Они шли вдоль пустынного залива. Все давно уже отсюда уехали, и дачи стояли заколоченные. Осталась тут одна только собака по имени Стручок. Она действительно походила на стручок — без шерсти, плоская, с голой кожей, раздувавшейся только на голове, на сердце и на желудке. Когда здесь жили люди, она делала лишь то, чего все от нее ждали, — лаяла, грызла кости, стояла на задних лапах, но делала все это неохотно, спустя рукава, понимая, что вокруг много собак, и если не она, то они сделают все это. И потом — везде ходили люди, что-то делали, обсуждали и опять делали, и, открыв глаза и увидев их, она спокойно засыпала. Но люди уезжали и увозили собак, и чем меньше их было, тем быстрее они уезжали. И она спала все меньше, все неспокойней, и сейчас, среди пустых деревянных домов, как свободно и странно она себя вела! Как выходила на площадку с мокрой волейбольной сеткой и начинала вдруг прыгать на нее — беззвучно, с закрытыми глазами, и, попадая лапами, запутываясь, падала на бок и на спину, и сразу, не слизнув грязи и воды, снова прыгала как заведенная.
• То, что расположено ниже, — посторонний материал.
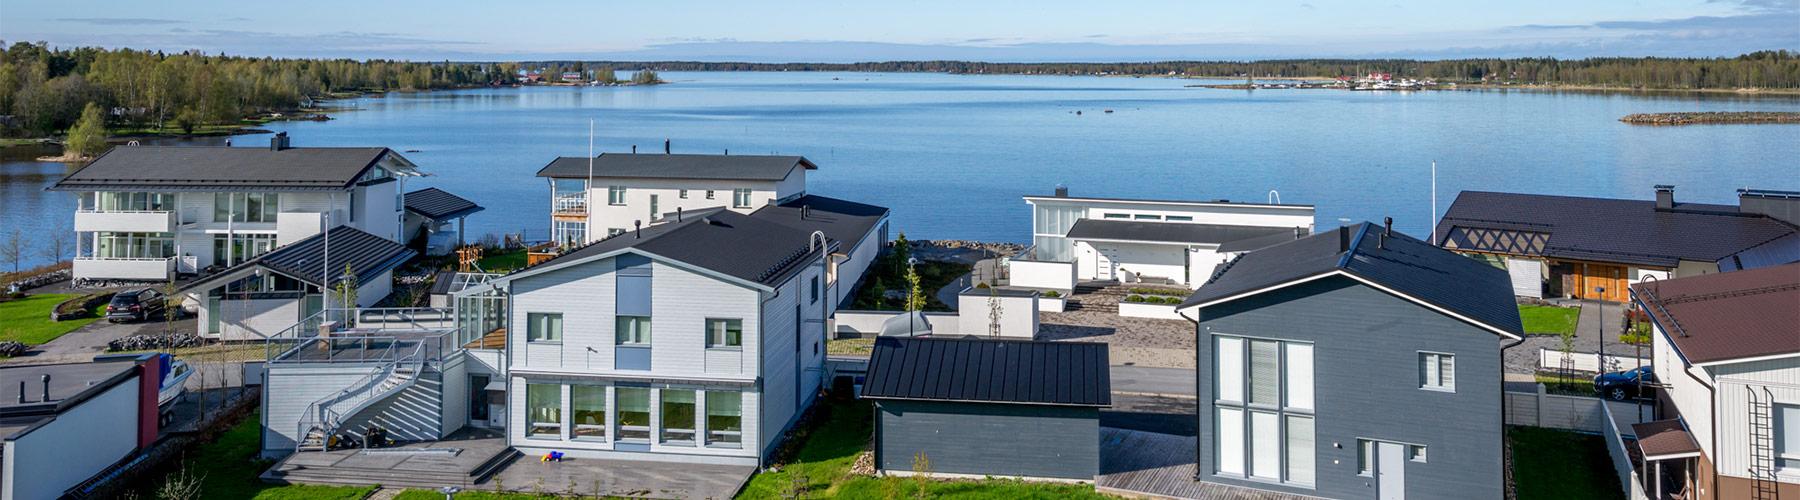 myytävät asunnot riihimäki Tampere

Или как долго и без брызг ходила она по ровной грязной воде залива, внезапно вынимала из нее белесых бьющихся жучков и съедала их, тряся головой.
Рано утром она вылезала из поваленной дощатой кассы, облепленная билетами, грязными и мокрыми, но целыми, с неоторванным контролем. Она уже привыкла, что людей нет. Раньше они ходили всюду, хлеща ее шнурками от ботинок, а теперь их стало меньше, и они перестали двигаться и стояли на тумбах, белые и неподвижные, среди клумб и газонов. Она бежала мимо них вверх, туда, где в овраге в густой траве день и ночь горела оставленная лампочка, и трава вокруг нее стала как сено и кололась. Иногда она бежала вниз, где в деревянном домике без стен, вывалившись наполовину через дырку в сетке, висел забытый бильярдный шар. Она стояла, касаясь его носом, а потом бежала дальше. Скоро у нее начался кашель, и она кашляла по ночам в будке. И думала, что вот осталась совсем одна, но уходить ей отсюда нельзя, потому что без нее это царство предметов, хоть чуть-чуть сцепившихся друг с другом, исчезнет и останутся лишь камень, дерево, глина, вода и холодный пустой воздух.
Уже очень поздно они сидели в столовой. Там горела одна только лампочка, высоко. Им дали салат и две тарелочки с бешено изрубленной селедкой. В приоткрытую дверь влетела маленькая тучка, пролетела над полом, развеваясь, и налила под их столом лужу. Пора было уходить. Она спускалась по деревянным, соскребанным ножом ступенькам, выжимая из них воду туфлями цвета лазурных прожилок на ногах. Ее плащ, слегка отставая от ее движений, стоял, переливаясь, потом ломался и опять стоял, немного больше, чем нужно, словно сохраняя память. Потом она остановилась, и он подошел и встал за ней в очередь. Она постояла и повернулась. Плащ ее сделал то же самое. Лицо ее было покрыто кожей, такой же тонкой и прозрачной, как кожа глаза. Из ее носа шел некоторый свет. Иногда она закрывала глаза и дула с нижней губы на волосы.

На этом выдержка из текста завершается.